Die Ukraine hat russische Militäreinrichtungen auf der annektierten Halbinsel Krim massiv mit Raketen beschossen. Die genauen Auswirkungen der Attacke sind bisher nicht bekannt. Das russische Verteidigungsministerium in Moskau sprach von 20 angreifenden Marschflugkörpern der Ukraine.

Die Attacke richtete sich gegen Luftwaffenstützpunkte nahe Sewastopol und Jewpatorija sowie andere Orte auf der Krim. Von ukrainischer Seite gab es keine offizielle Äußerung. Allerdings ließ sich ein Eintrag von Luftwaffenkommandeur Mykola Oleschtschuk auf Telegram als Bestätigung verstehen.

Russland meldet zudem knapp ein Dutzend ukrainischer Drohnenangriffe im Grenzgebiet gemeldet. Acht Drohnen seien über der Region Belgorod von der russischen Flugabwehr abgeschossen worden, zwei in Woronesch und eine in Kursk, teilte das Verteidigungsministerium in Moskau mit.

Ihrerseits griff die russische Armee die Ukraine in der Nacht wieder mit Kampfdrohnen an. Nach Angaben der ukrainischen Luftwaffe flogen Schwärme von Drohnen auf die Großstadt Charkiw im Osten zu. Eine Fliegerbombe traf nach Behördenangaben ein Krankenhaus in Welykij Burluk im Gebiet Charkiw und verletzte vier Menschen leicht. Russland führt seit fast zwei Jahren einen Angriffskrieg gegen die Ukraine, zu dem auch nahezu jede Nacht die Attacken aus der Luft gehören. Heute ist der 708. Kriegstag.
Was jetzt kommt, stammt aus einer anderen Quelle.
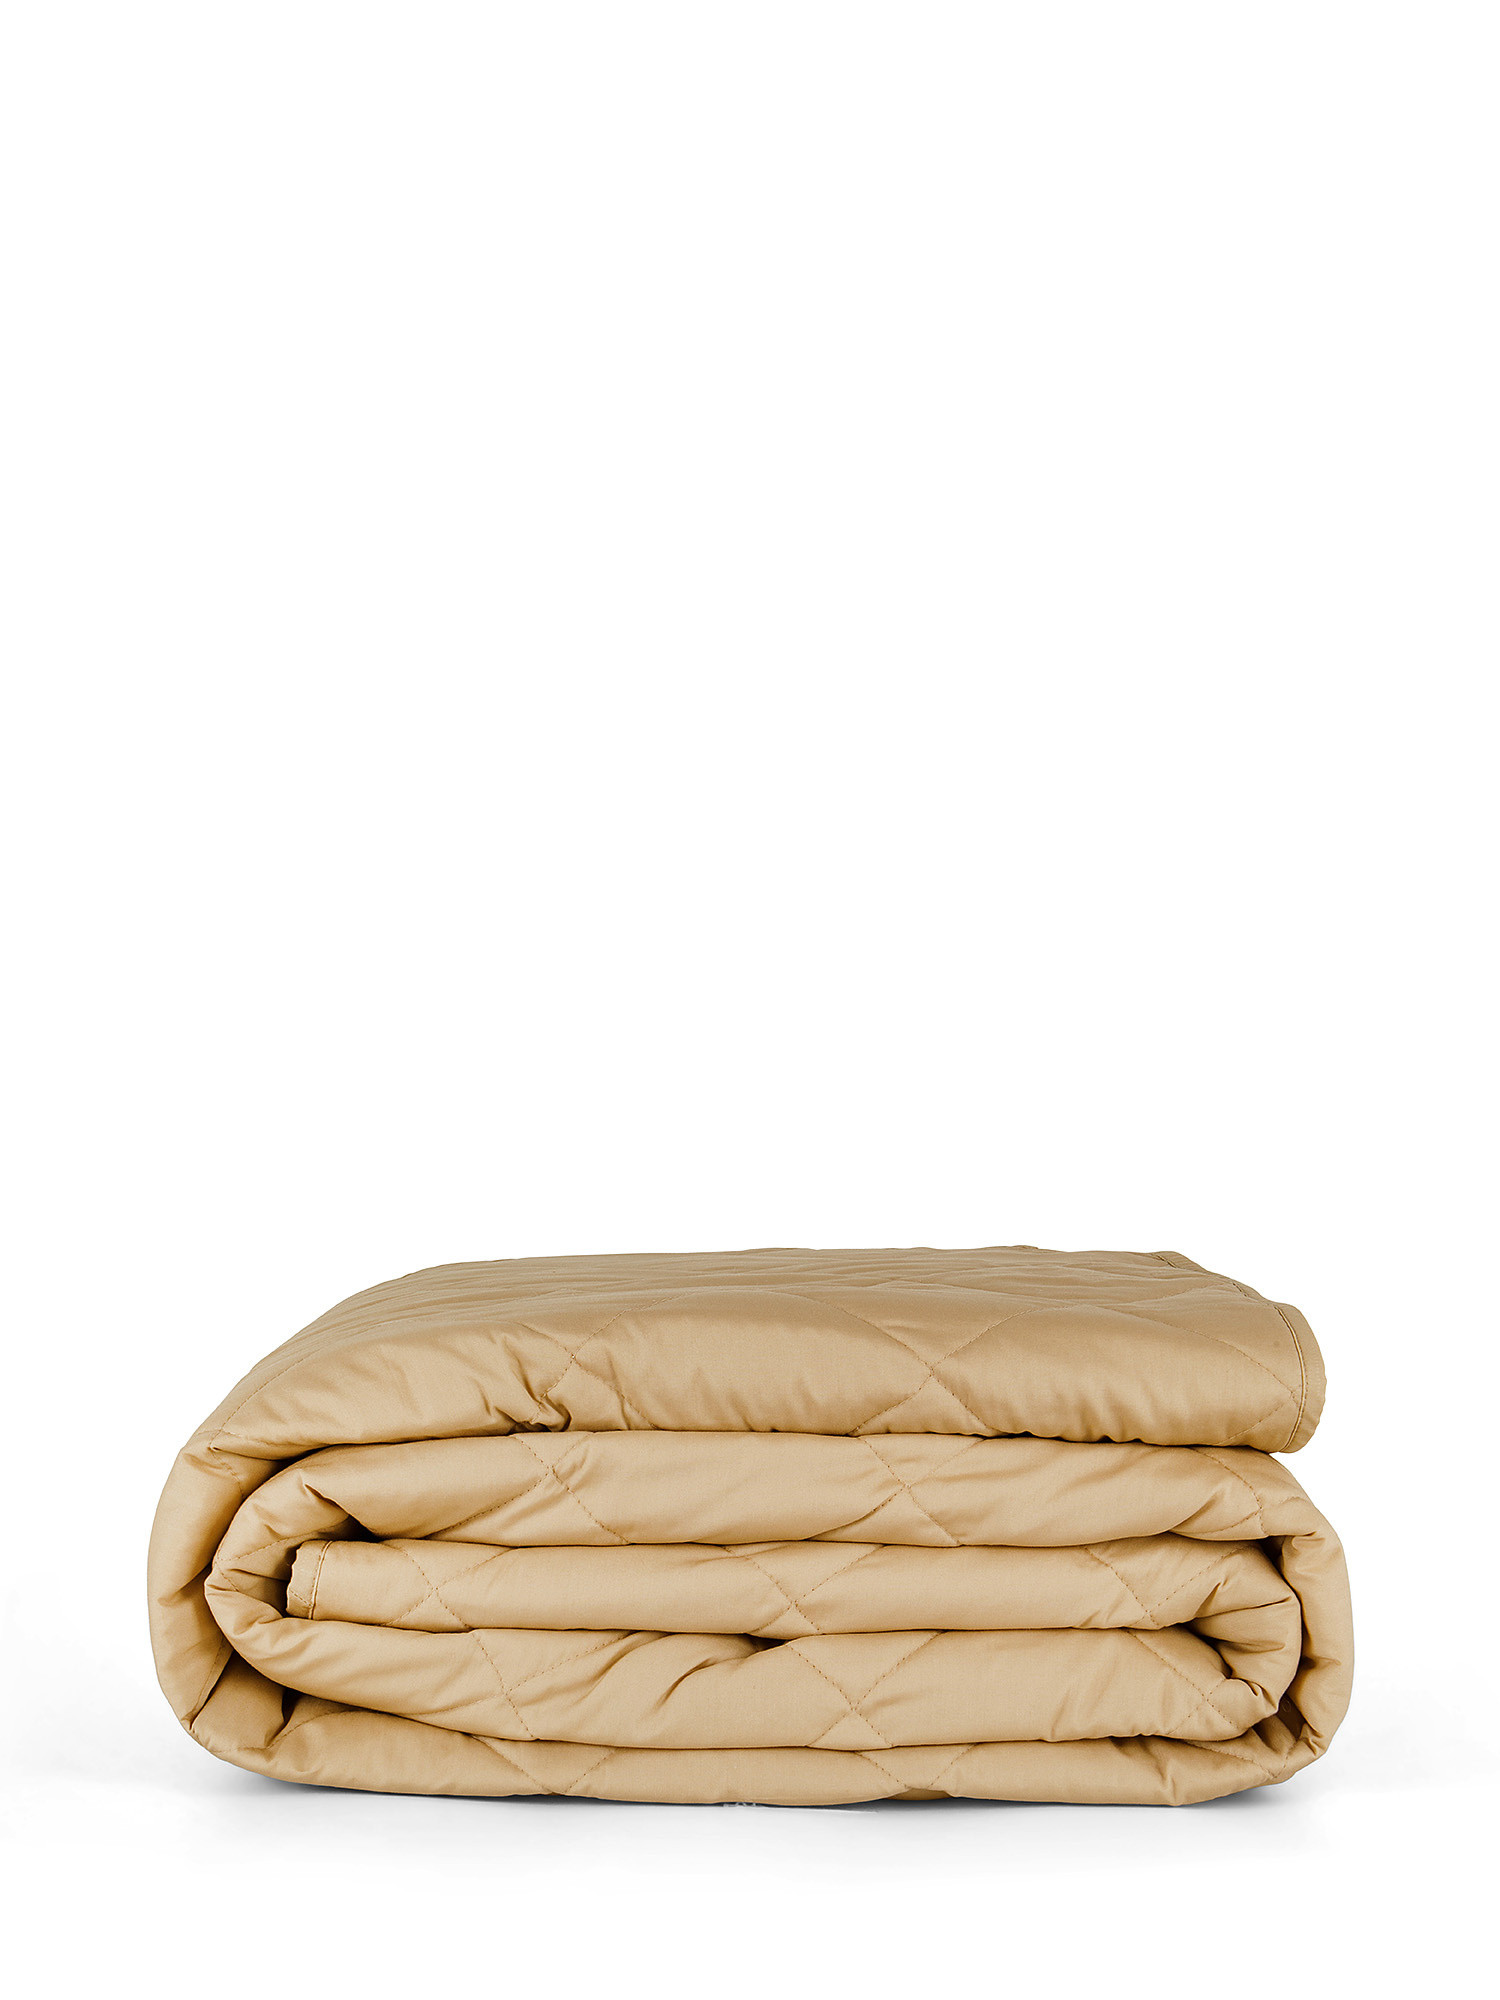 Solid color cotton percale quilt, Beige, large image number 0

Angriff auf Krim-Fliegerhorst Belbek

Zum Arsenal der Ukraine gehören Marschflugkörper der Typen Storm Shadow und Scalp, die Großbritannien und Frankreich geliefert haben. Das russische Verteidigungsministerium teilte mit, 17 Flugkörper seien bereits über dem Schwarzen Meer abgefangen worden, 3 weitere über der Krim. Die Angaben sind nicht unabhängig überprüfbar.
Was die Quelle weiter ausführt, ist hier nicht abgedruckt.